“你叫阿杰是吧?”走在我身後的阿亞問。
“是啊!”我邊低頭瞅着腳下邊回答。
“你娶老婆沒?”她突然問。
“啊?哦!娶了呀!”
“沒離婚?”她又問。
“離婚?沒有啊!”我被她的問題弄得哭笑不得。
“那你得注意了,你的老婆前世跟你是仇家,是來尋仇的!”她語出驚人。
我驚訝地回頭看了她一眼,發現她兩眼發出兩道淡淡的藍光,在夜色裡顯得特別恐怖,於是我趕忙又轉回頭,假裝繼續趕路。
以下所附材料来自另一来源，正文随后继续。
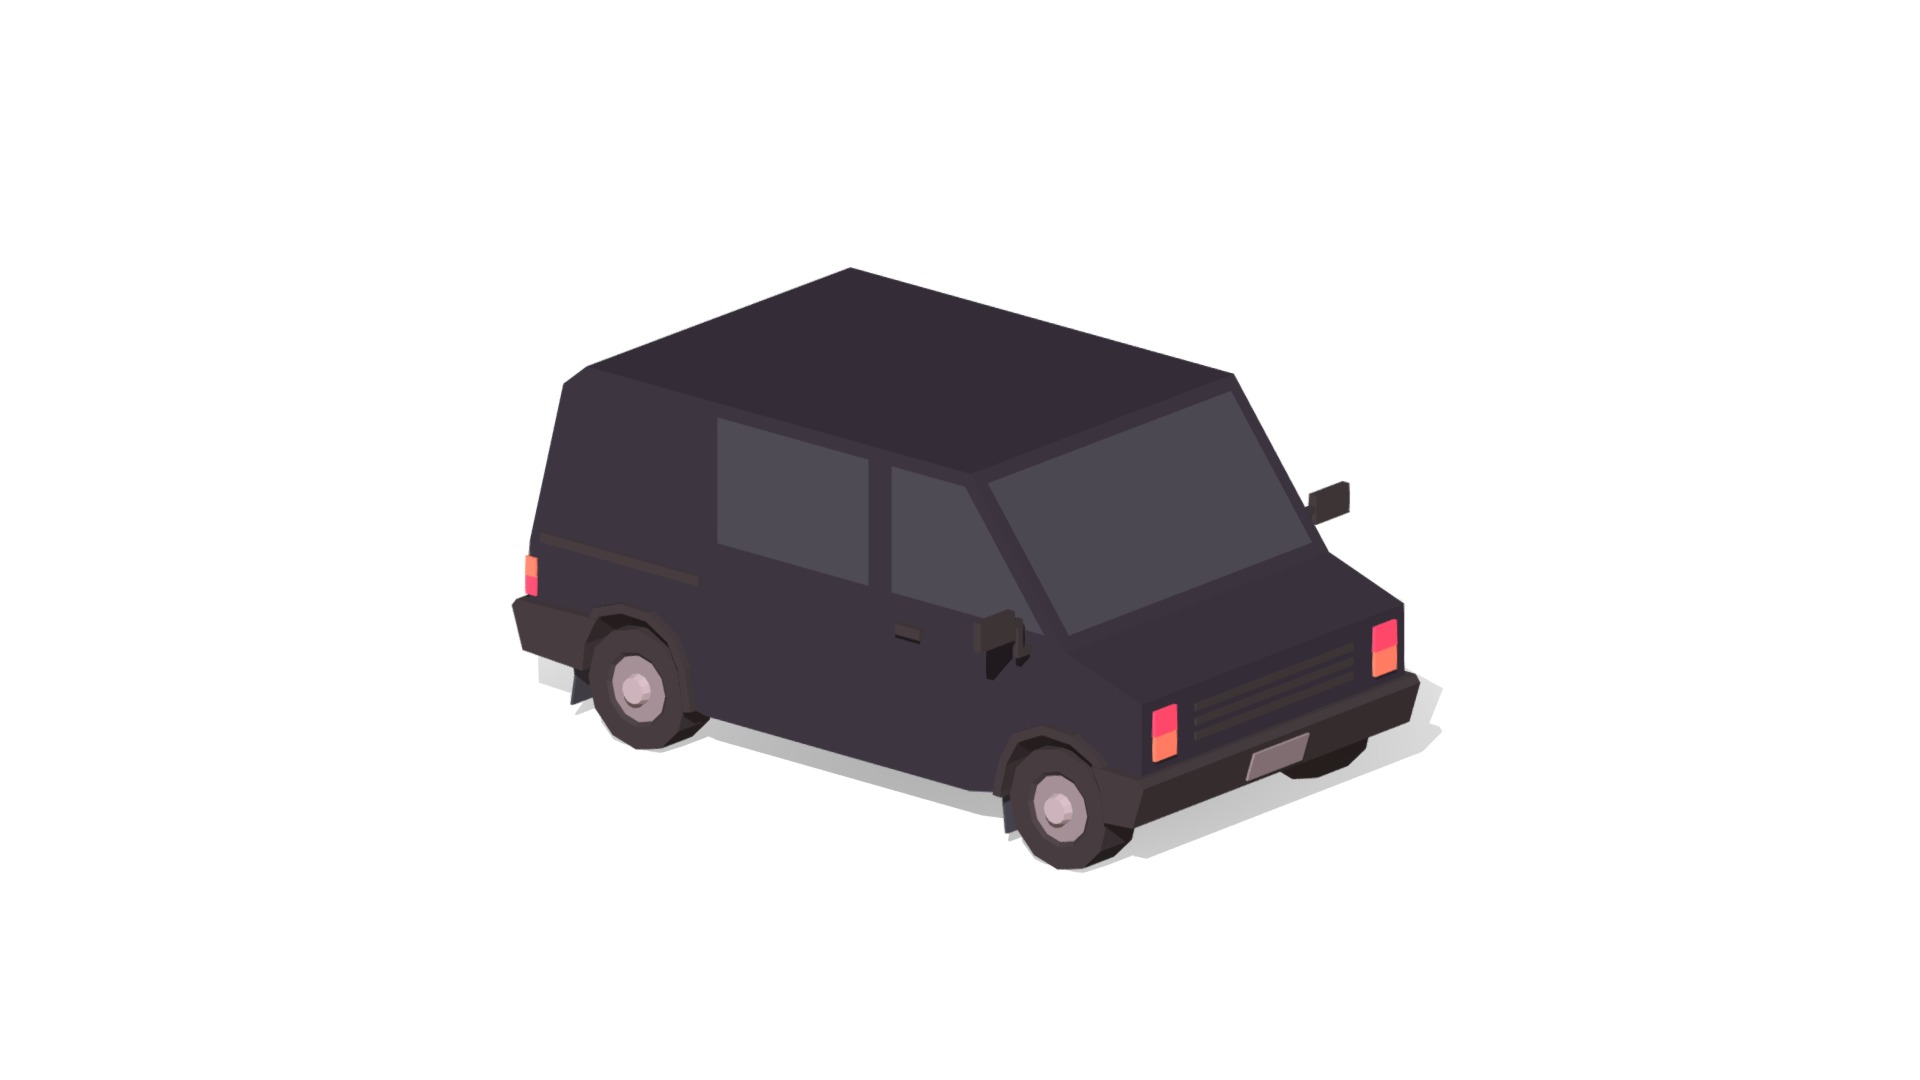 3D model Suspicious Van - This is a 3D model of the Suspicious Van. The 3D model is about a black van with red wheels.

“別害怕,我又不會傷害你!不過我說的可都是真的,信不信由你。”
“我沒覺得我老婆有害我的企圖和行動啊!”
“我沒說她會害你啊!而且她還應該還很顧家,可你和她自從成親後就一直苦悶,心情壓抑,你無論如何都快樂不起來,活的憋屈、委屈,還找不到可發泄的地方,因爲人家顧家、勤儉,挑不出啥毛病。”
小寶這時在前面說了一句:“亞姐,你別胡說!”
“我哪有胡說了!你讓他自己想想是不是這麼回事?其實你對她很好,你也特別顧家,對家特別負責任,可她卻不領情,還總是嫌你沒用,所以你在家沒有任何地位,就連你的孩子將來都會受她的影響看不起你。”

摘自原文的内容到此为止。